Automatically Classifying the Mood of Blog Posts

Here’s one for your reading list.

Hardly a week goes by that we don’t read about new services that use blogs and the blogosphere to help measure what people are talking about (ie. buzz). Today, I came across a new paper by Gilad Mishne, a grad student at the University of Amsterdam. It reports on exploratory research to automatically (using machine learning) classify blog text based on the mood of the author.

Title: Experiments with Mood Classification in Blog Posts (PDF; 8 pages)

From the abstract:

We present preliminary work on classifying blog text according to the mood reported by its author during the writing. Our data consists of a large collection of blog posts ? online diary entries ? which include an indication of the writer?s mood. We obtain modest, but consistent improvements over a baseline; our results show that further increasing the amount of available training data will lead to an additional increase in accuracy.
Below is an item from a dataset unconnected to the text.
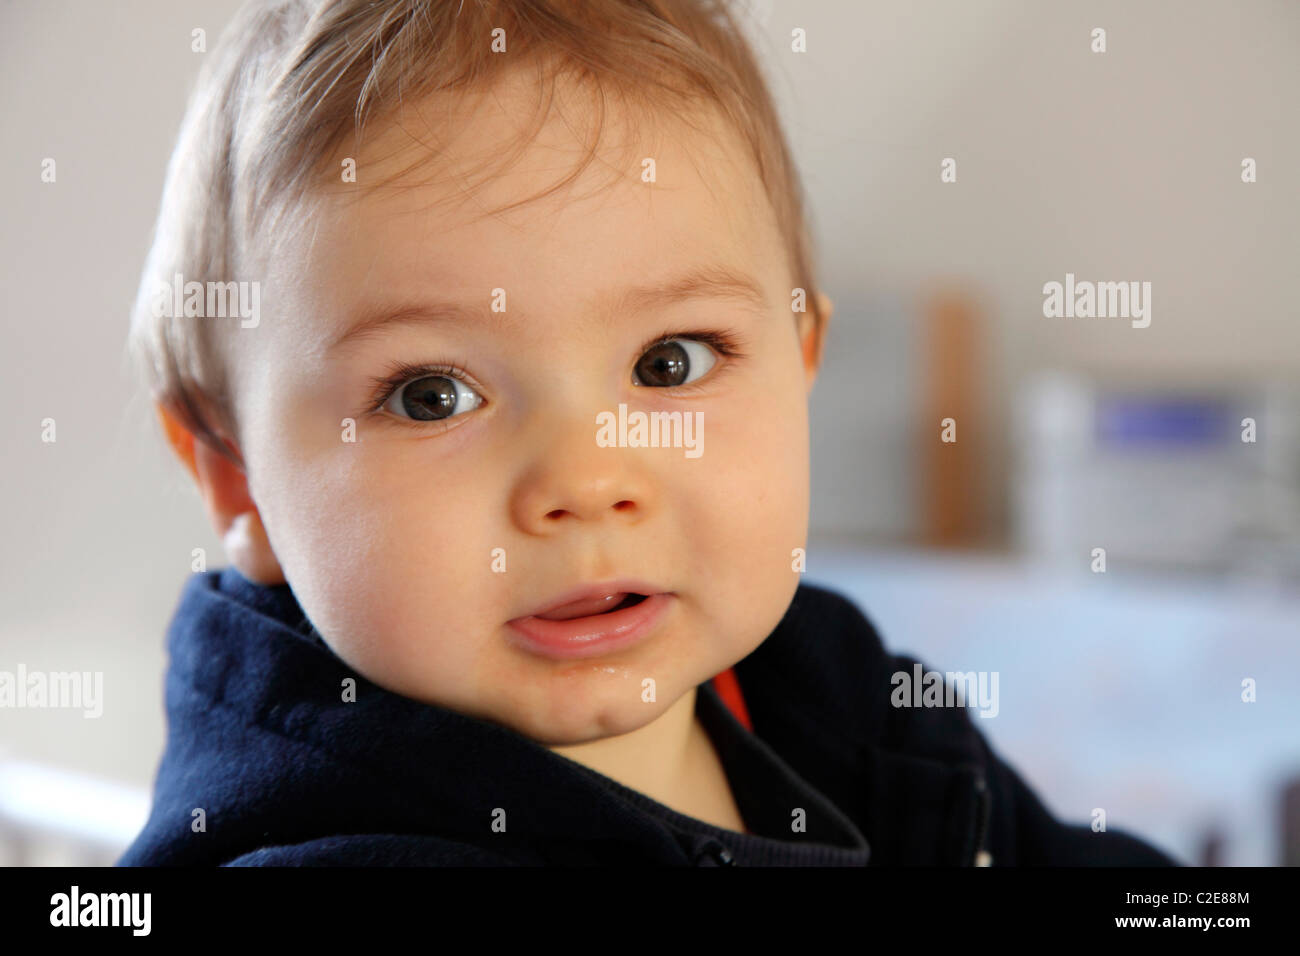 Little boy, baby, 10 month old, looking friendly. Stock Photo

Additionally, we show that the classification accuracy, although low, is not substantially worse than human performance on the same task. Our main finding is that mood classification is a challenging task using current text analysis methods.
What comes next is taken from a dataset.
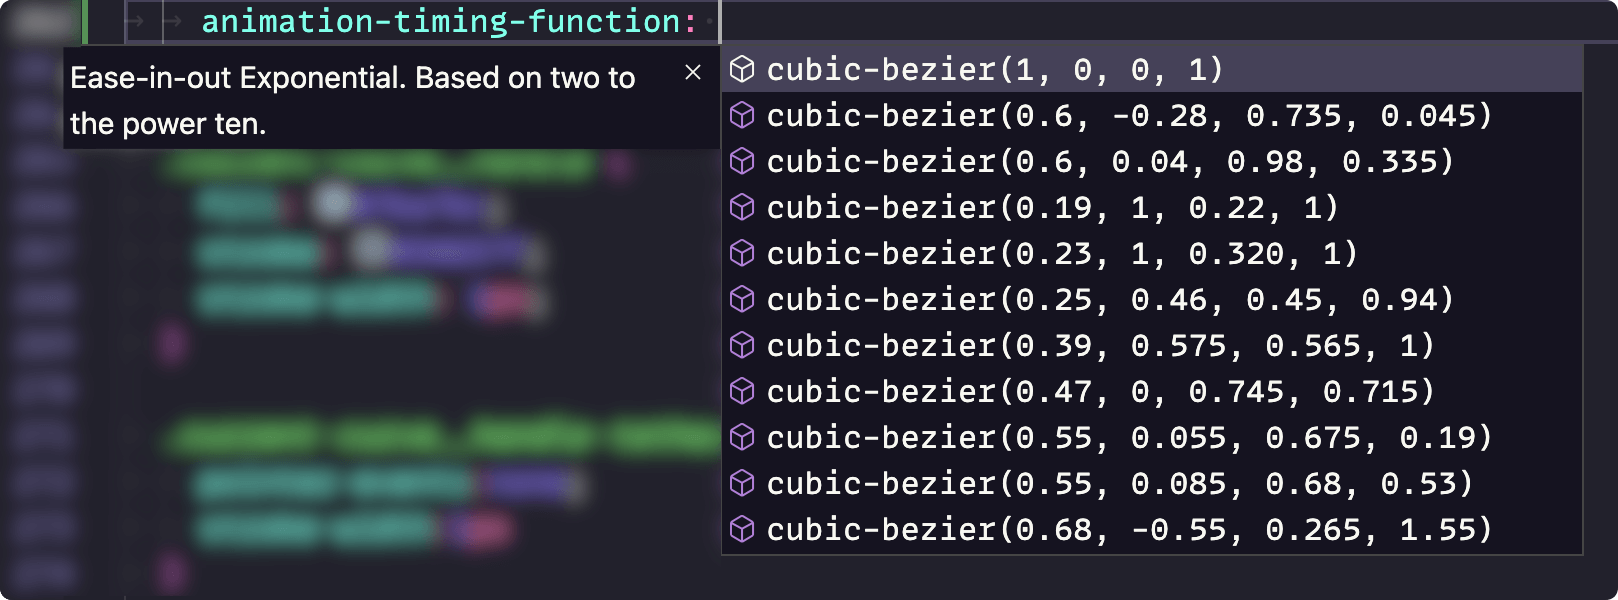 VS Code auto-completing cubic-bezier with a variety of options in a pop-up UI

As the author goes on to point out:

Mood classification is useful for various applications…[and] can enable new textual access approaches, e.g., filtering search results by mood, identifying communities, clustering, and so on.

If you’re interested in blog search and/or mining the blogosphere, this paper is worth a look. It also has an excellent bibliography.

“Experiments with Mood Classification in Blog Posts,” was presented at the SIGIR conference earlier this month.